Problem:
Word for word, restate the data that follows, omitting the images.

[Supplied information — start]

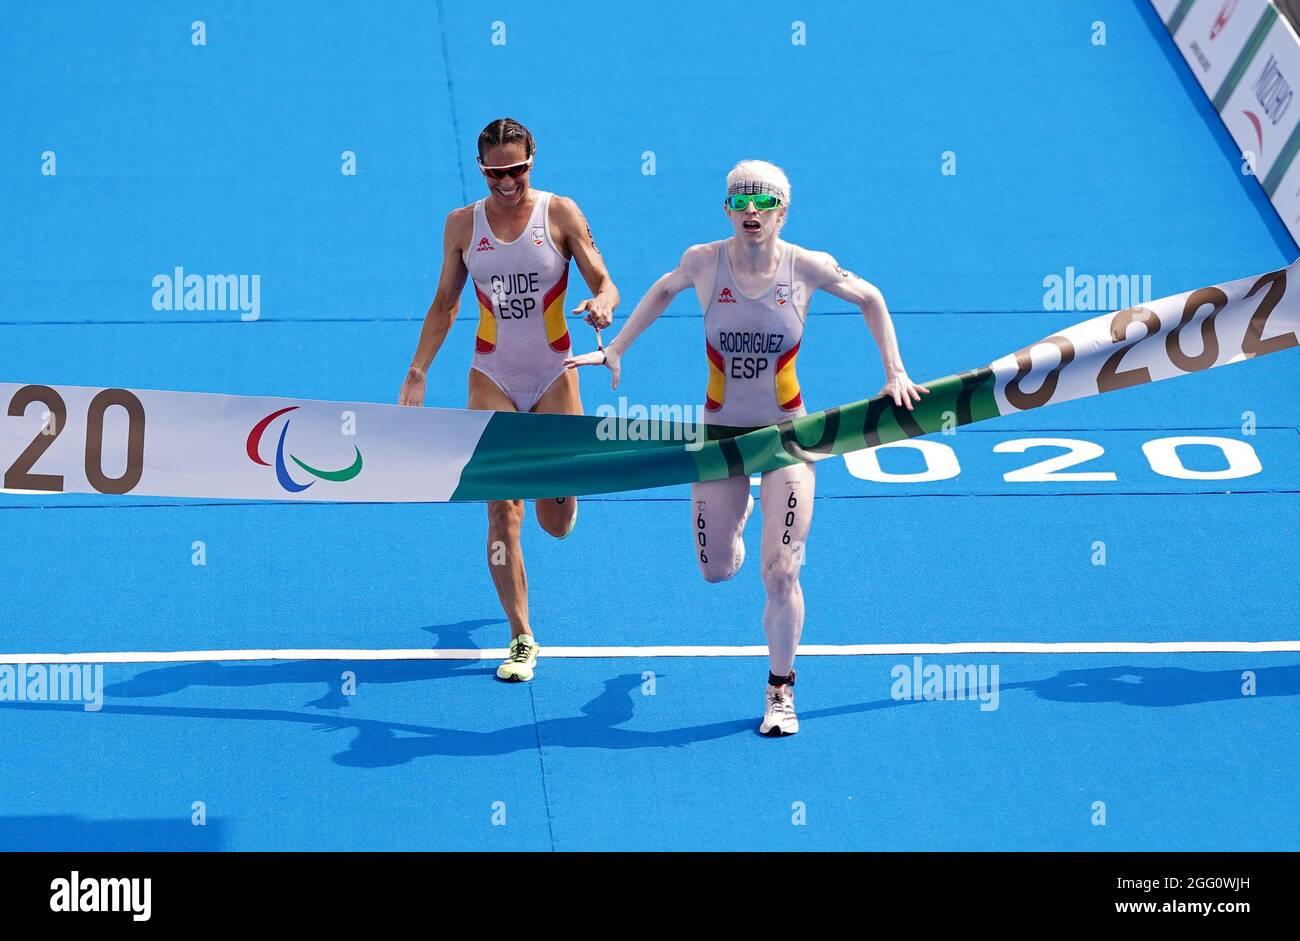 Die spanische Susana Rodriguez und die Führerin Sara Loehr überqueren die Linie, um am vierten Tag der Paralympischen Spiele in Tokio 2020 in Japan beim Frauen-PTVI-Triathlon im Odaiba Marine Park Gold zu gewinnen. Bilddatum: Samstag, 28. August 2021. Stockfoto
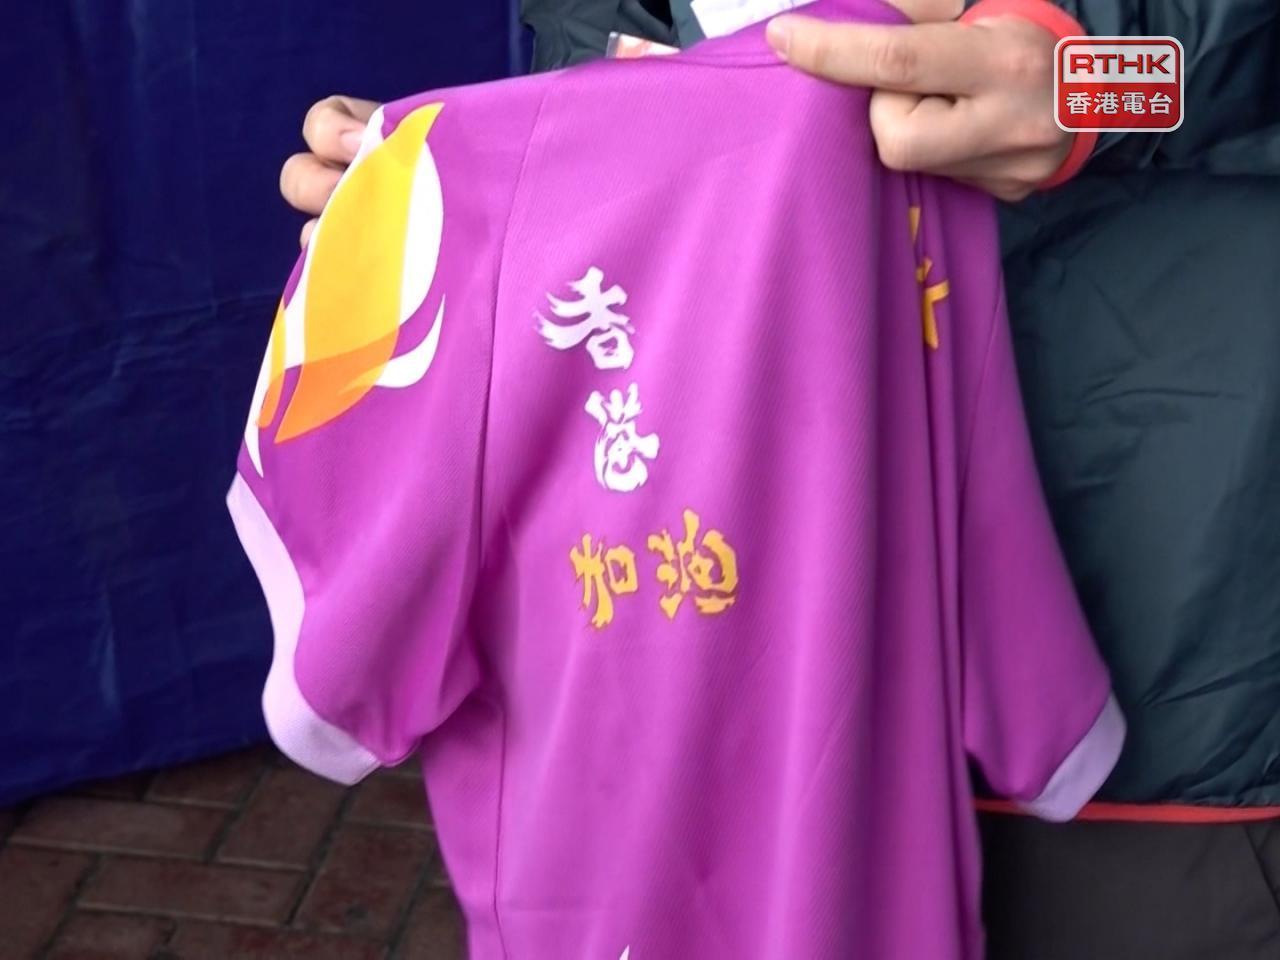 渣馬2021|有選手因身穿「香港」「加油」衣服被拒參賽
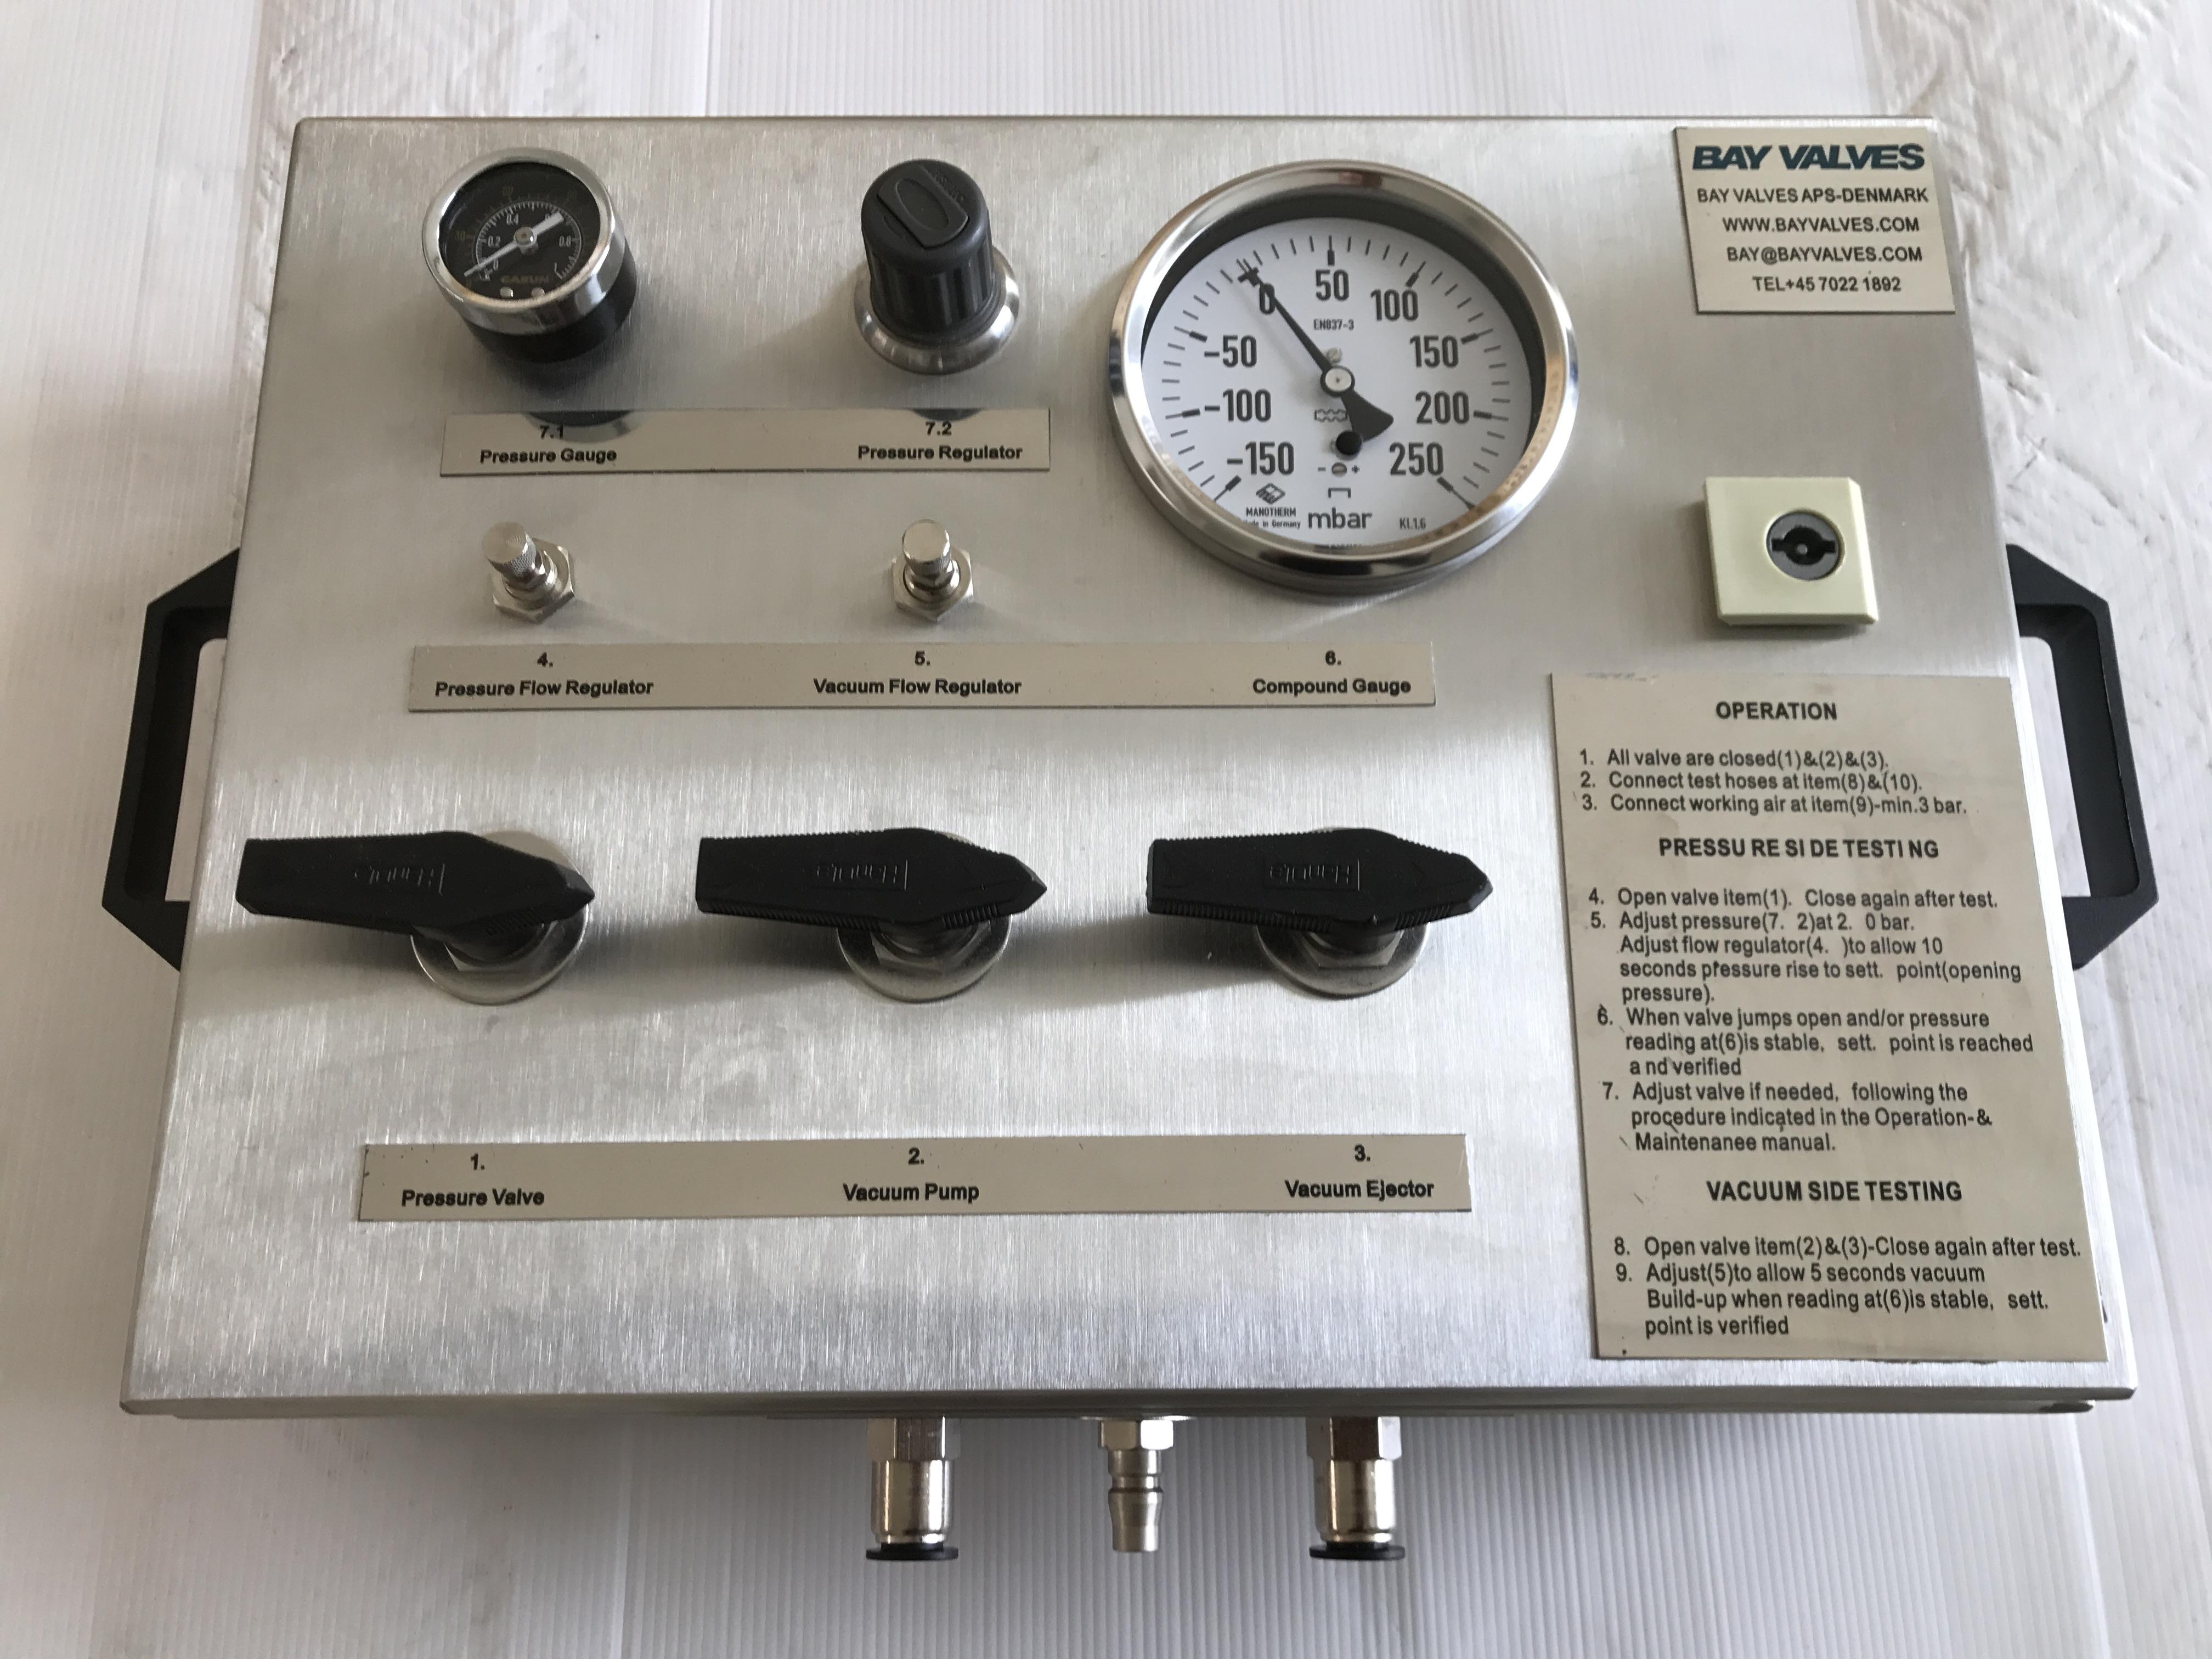 test equipment for p/v valves and high velocity valves Test Equipment for P/V valves and High Velocity valves 2017 06 13 13

[Supplied information — finish]

Response to the task:
 Die spanische Susana Rodriguez und die Führerin Sara Loehr überqueren die Linie, um am vierten Tag der Paralympischen Spiele in Tokio 2020 in Japan beim Frauen-PTVI-Triathlon im Odaiba Marine Park Gold zu gewinnen. Bilddatum: Samstag, 28. August 2021. Stockfoto
 渣馬2021|有選手因身穿「香港」「加油」衣服被拒參賽
 test equipment for p/v valves and high velocity valves Test Equipment for P/V valves and High Velocity valves 2017 06 13 13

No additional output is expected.